§3961. Reimbursement of member insurer
1. Reimbursement. A member insurer may seek reimbursement from the association and the association shall reimburse the member insurer with respect to a person insured through a member insurer's closed book of business to the extent claims made by a covered person are eligible for reimbursement pursuant to section 3958, subsection 1, paragraph A, if:
A. The covered person is insured under a policy sold on or after December 1, 1993 and in force as of July 1, 2012, and the member insurer has closed its book of business for individual health plans sold between December 1, 1993 and July 1, 2012; [PL 2011, c. 621, §7 (AMD).]

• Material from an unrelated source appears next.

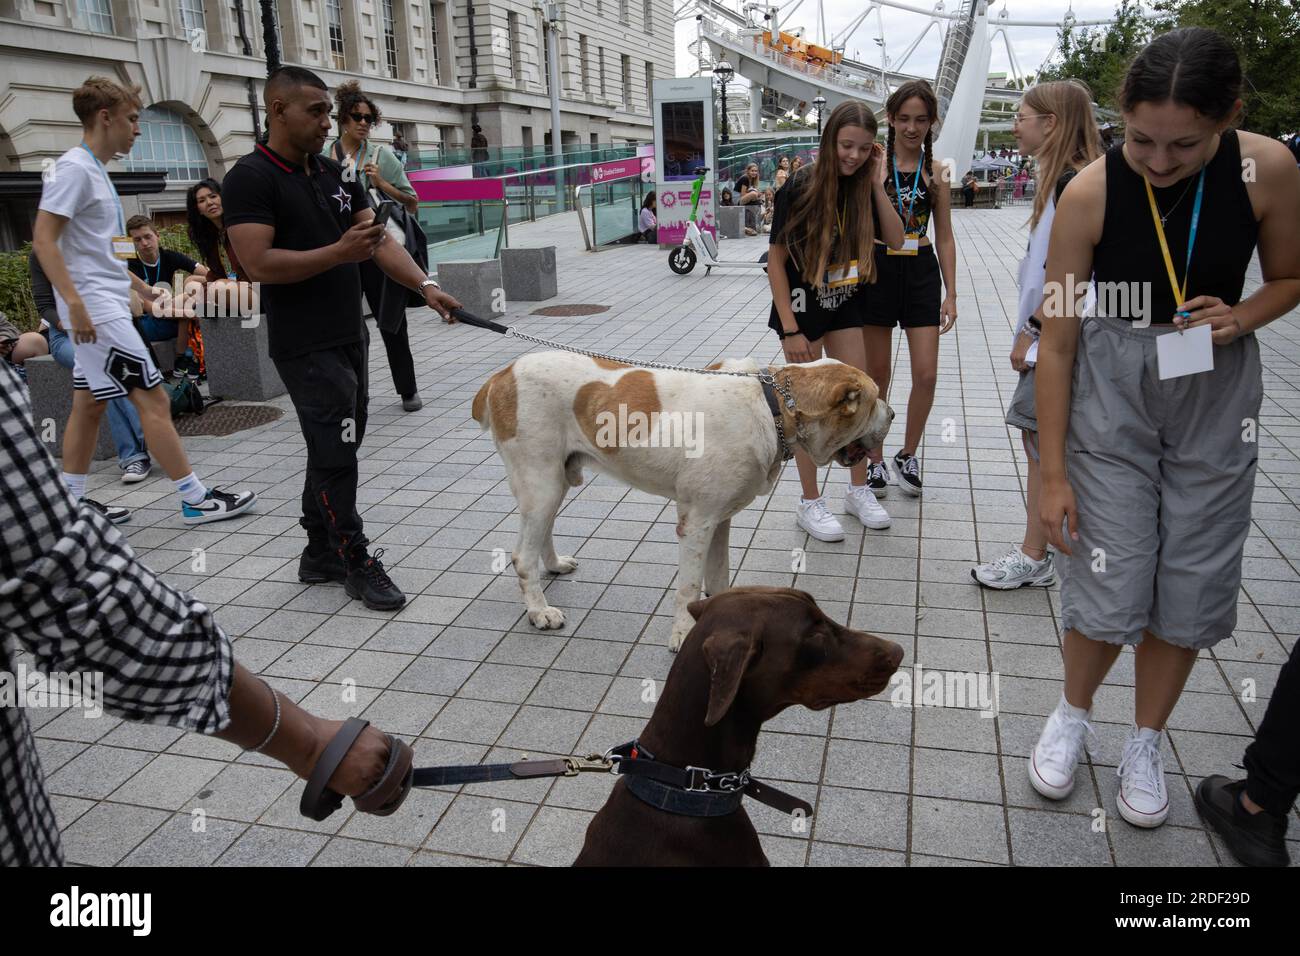 Les jeunes touristes se rassemblent autour de deux grands chiens alors qu'ils s'arrêtent pour les caresser sur le Southbank, Londres, Angleterre, Royaume-Uni Banque D'Images

B. The member insurer is able to determine through the use of individual health statements, claims history, risk scores or any reasonable means that the covered person currently qualifies for designation by the member insurer pursuant to section 3959, subsection 1; and [PL 2011, c. 621, §7 (AMD).]
C. The member insurer seeks to designate the covered person for reimbursement from the association by October 1, 2012. [PL 2011, c. 621, §7 (NEW).]
This subsection applies only to the individual health plans described and is not intended to limit the ability of a member insurer to designate a covered person for reinsurance pursuant to section 3959.
[PL 2011, c. 621, §7 (AMD).]
1-A. Premium. A member insurer seeking reimbursement under subsection 1 is liable to the association for reinsurance premium rates determined in accordance with section 3958, subsection 2.
[PL 2011, c. 621, §8 (NEW).]
2. Rules. The superintendent may adopt rules to facilitate payment to a member insurer pursuant to this section. Rules adopted pursuant to this subsection are routine technical rules as defined in Title 5, chapter 375, subchapter 2-A.
[PL 2011, c. 90, Pt. B, §8 (NEW).]
SECTION HISTORY
PL 2011, c. 90, Pt. B, §8 (NEW). PL 2011, c. 621, §§7, 8 (AMD).